Super-Fast Pseudo-Random Number Generator (PRNG) Implementation using SSE/SSE4

SpikeFun 0.71 contains several speed improvements that bring simulation-generation time down by 10-20%. One of the improvements is super-fast pseudorandom number generator (PRNG), written to use Intel's SSE4 instruction set (where possible). New PRNG is based on MWC1616 algorithm, which is a class of "Multiply-with-carry" (MWC) pseudorandom number generators. Author of this algorithm is George Marsaglia.

I implemented MWC1616 using SSE and, optionally, SSE4 intrinsics. I have deliberately chosen intrinsics instead of pure inline assembly code as with intrinsics, compiler has more freedom and can choose which SSE register to use for which variable - which allows efficient code inlining. Furthermore, x64 version of Microsoft's compilers do not support inline assembly code (Intel's compilers do, however).

Here is a quick performance comparison of the new generator:

Generating 2000000000 (2 billion) random numbers on a single core of the Sandy Bridge EP (Core i7 2687W) CPU:

  • SSE4 MWC1616 - 1069 ms
  • MSVC CRT rand() - 28632 ms
As it could be seen from the test above, my implementation of MWC1616 is almost 27 times faster than C-runtime library's rand() function, and it can generate almost 2 billion 32-bit random numbers per second (1.5 CPU clocks, or ~0.5 nanoseconds per number)!

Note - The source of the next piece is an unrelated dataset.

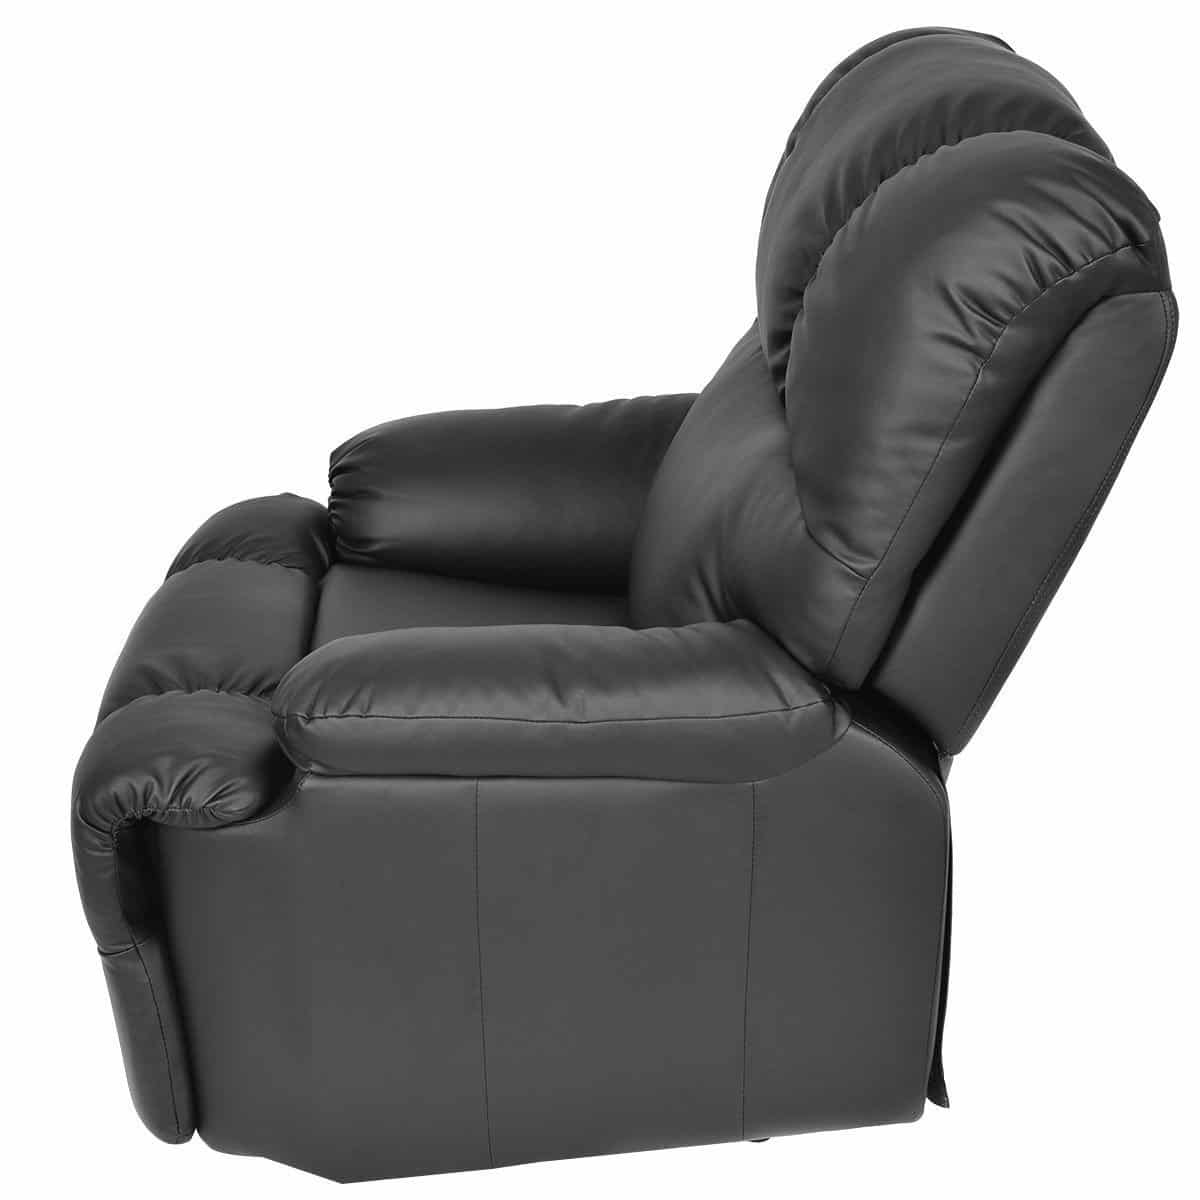 Waterjoy Massage Recliner Chair with Heat

Furthermore, MWC1616 algorithm is actually much better than Microsoft's rand() implementation; it has a period greater than 10^18 and the statistical quality ("randomness") of the output is considerably higher than Microsoft's rand() implementation, which fails many statistical tests and provides only 16-bit of randomness (RAND_MAX)

SSE4 version takes advantage of pmullud instruction, which allows multiplication of two vectors of 32-bit integers. For Pre-SSE4 CPUs this has to be carried by breaking the calculation in two 16-bit parts and finally shifting and OR-ing the intermediate results into the final result.

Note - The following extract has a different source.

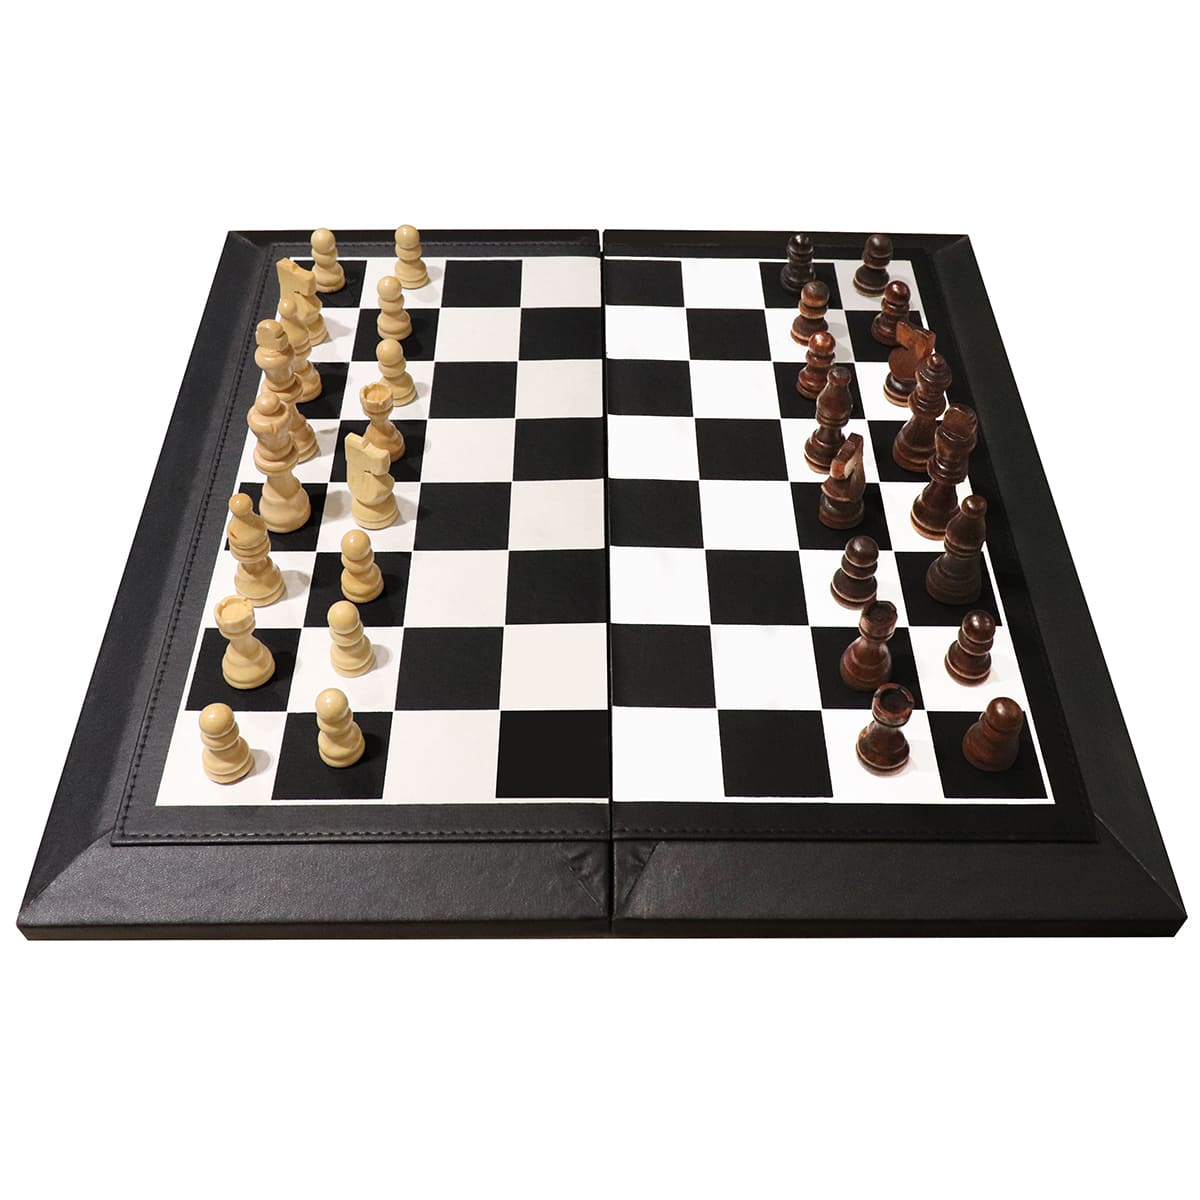 西洋棋經典棋盤遊戲 - 磁性旅行折疊盒

You can download the code by clicking on this link

Below you can see the calculation part of the MWC1616 SSE4 implementation. As you can see, it is extremely simple, yet very fast and the pseudorandom output is of high quality (for non-cryptography and non-gambling use, of course). Code is licensed under BSD license, and you are free to use it in your projects as long as BSD license is respected.

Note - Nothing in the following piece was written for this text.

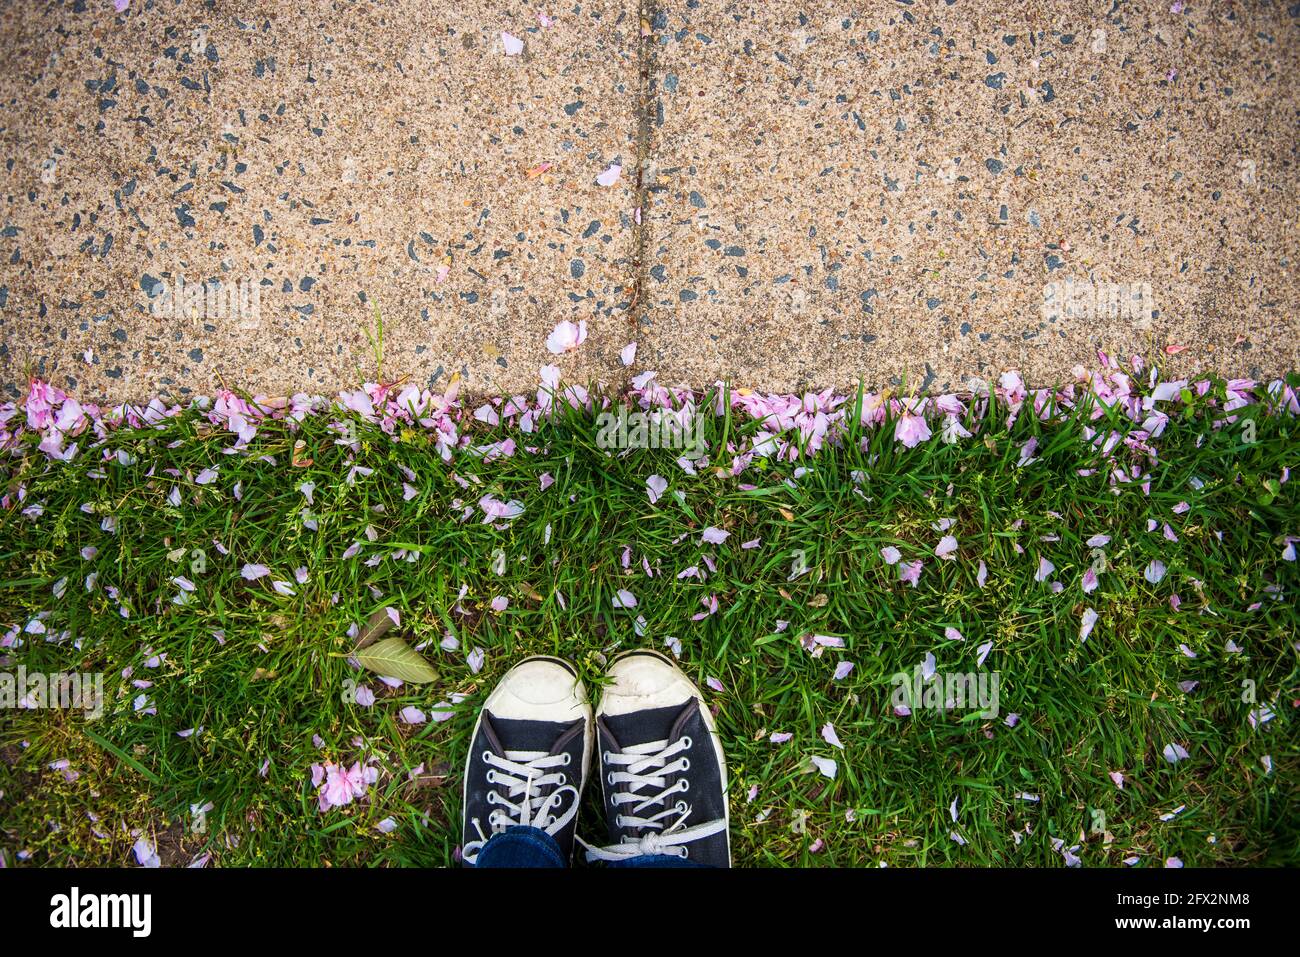 Die Beine und Füße einer jungen Frau stehen in der Nähe des Bürgerwegs im Gras mit rosa Kirschblütenblättern. Leerer Platz für positiven Text, Zitate oder Sprüche. Draufsicht Stockfoto

// MWC1616 --> SSE4 version
// Copyright (C) 2012 Ivan Dimkovic
// Licensed under BSD license
static inline void FastRand_SSE4(fastrand *f)
    __m128i x = _mm_load_si128((const __m128i *)f->x);
    __m128i y = _mm_load_si128((const __m128i *)f->y);

const __m128i mask = _mm_load_si128((const __m128i *)f->mask);
const __m128i mul1 = _mm_load_si128((const __m128i *)f->mul1);
const __m128i mul2 = _mm_load_si128((const __m128i *)f->mul2);

__m128i xmask = _mm_and_si128(x, mask);
__m128i xshift = _mm_srli_epi32(x, 0x10);
__m128i xmul = _mm_mullo_epi32(xmask, mul1);
__m128i xnew = _mm_add_epi32(xmul, xshift);
_mm_store_si128((__m128i *)f->x, xnew);

__m128i ymask = _mm_and_si128(y, mask);
__m128i yshift = _mm_srli_epi32(y, 0x10);
__m128i ymul = _mm_mullo_epi32(ymask, mul2);
__m128i ynew = _mm_add_epi32(ymul, yshift);
_mm_store_si128((__m128i *)f->y, ynew);

__m128i ymasknew = _mm_and_si128(ynew, mask);
__m128i xshiftnew = _mm_slli_epi32(xnew, 0x10);
__m128i res = _mm_add_epi32(xshiftnew, ymasknew);
_mm_store_si128((__m128i *)f->res, res);